Building on the work of Karl Rahner, LaCugna argued that the "demise of the doctrine of the Trinity" started when early church theologians had to respond to the teachings of Arius, arch-heretic of the Christian church. Arius' doctrine required a response, and the Church Fathers' response began the theological trek into speculation on the inner, hidden life of God, commonly referred to as the immanent Trinity. Whereas before, theologians had concentrated on the nature of God as revealed in His actions in history (commonly called the economic Trinity), now theology had to speculate on who God is when no one is looking.

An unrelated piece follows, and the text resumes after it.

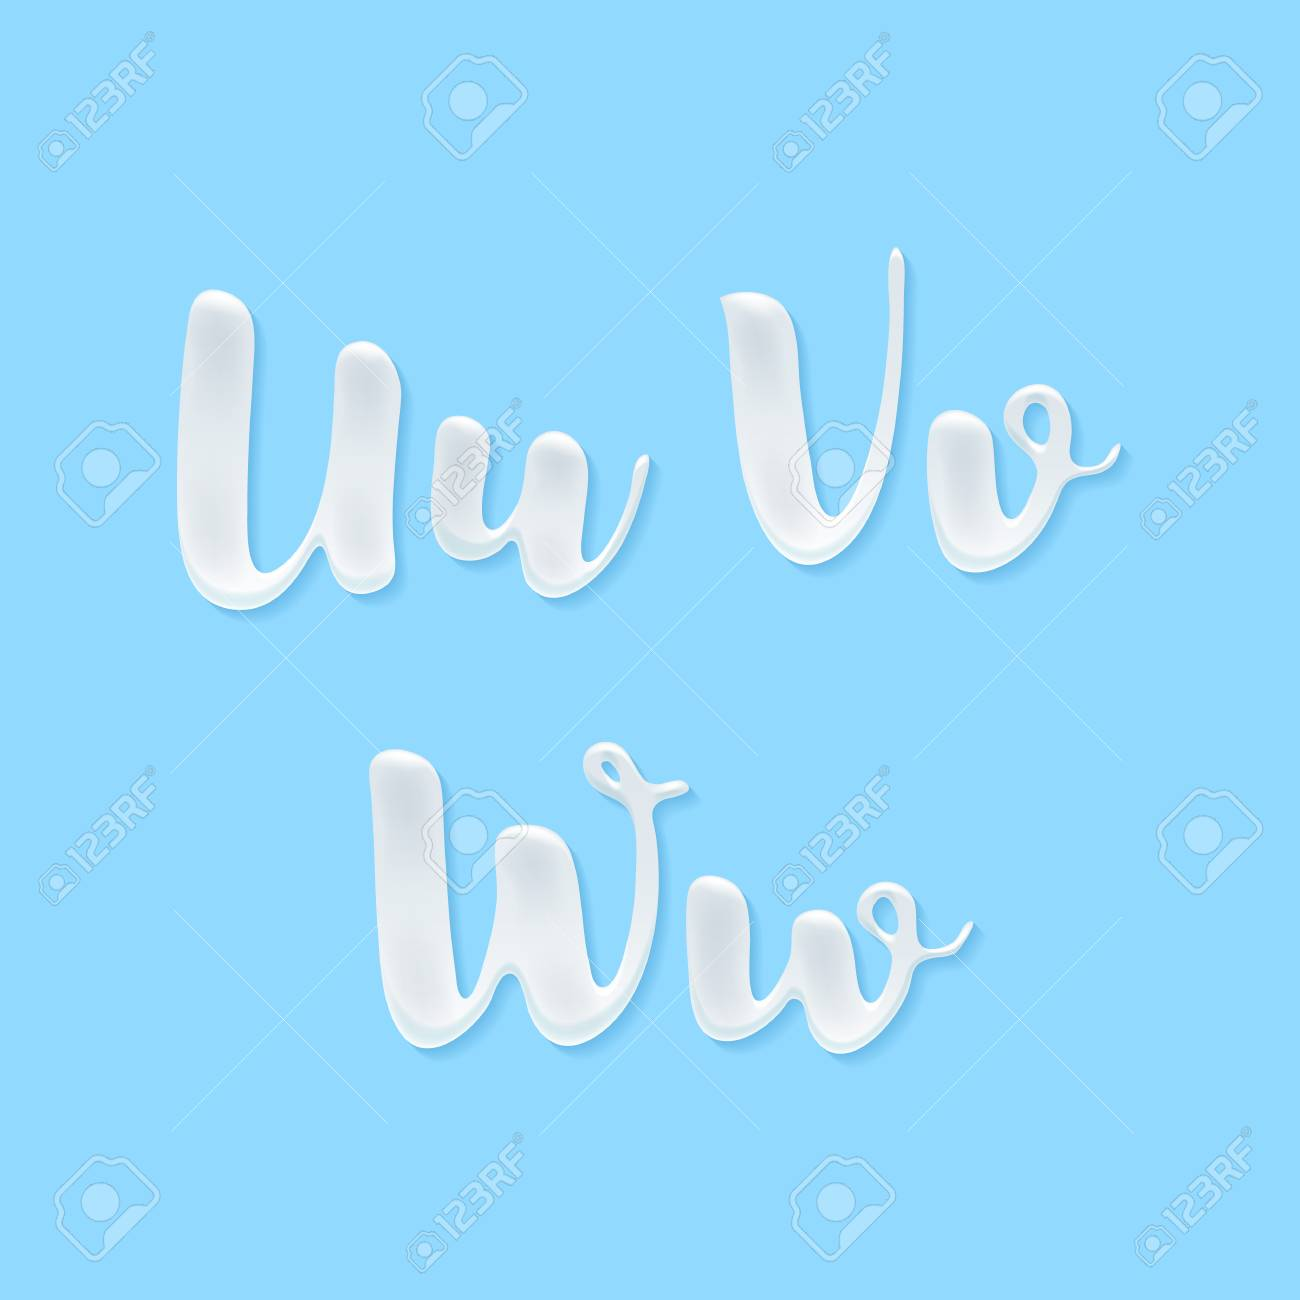 Milk, yogurt or cream abc letters set. White smudges splashes alphabet on blue background vector illustration. Good for poster banner advertising packaging design. - 59873174

According to LaCugna, the church father Augustine furthered this divide between economic and immanent Trinity with his psychological model of the Trinity, which described the inner life of God as being like a human's memory, intellect, and will. The real devil in these matters, though, was Thomas Aquinas, whose scholastic theology took theological speculation to a whole new level.

LaCugna's analysis of the development of the doctrine of the Trinity can be (and has been) challenged on many levels.

LaCugna earned her Bachelor's degree at Seattle University, her Masters and Doctorate at Fordham University, and joined the faculty at Notre Dame University in 1981. There, she taught systematic theology to graduate and undergraduate students, eventually holding the Nancy Reeves Dreux Chair of Theology at the University of Notre Dame.

Catherine LaCugna died at the age of 44, of cancer, and is buried in the Cedar Grove Cemetery on the Notre Dame campus.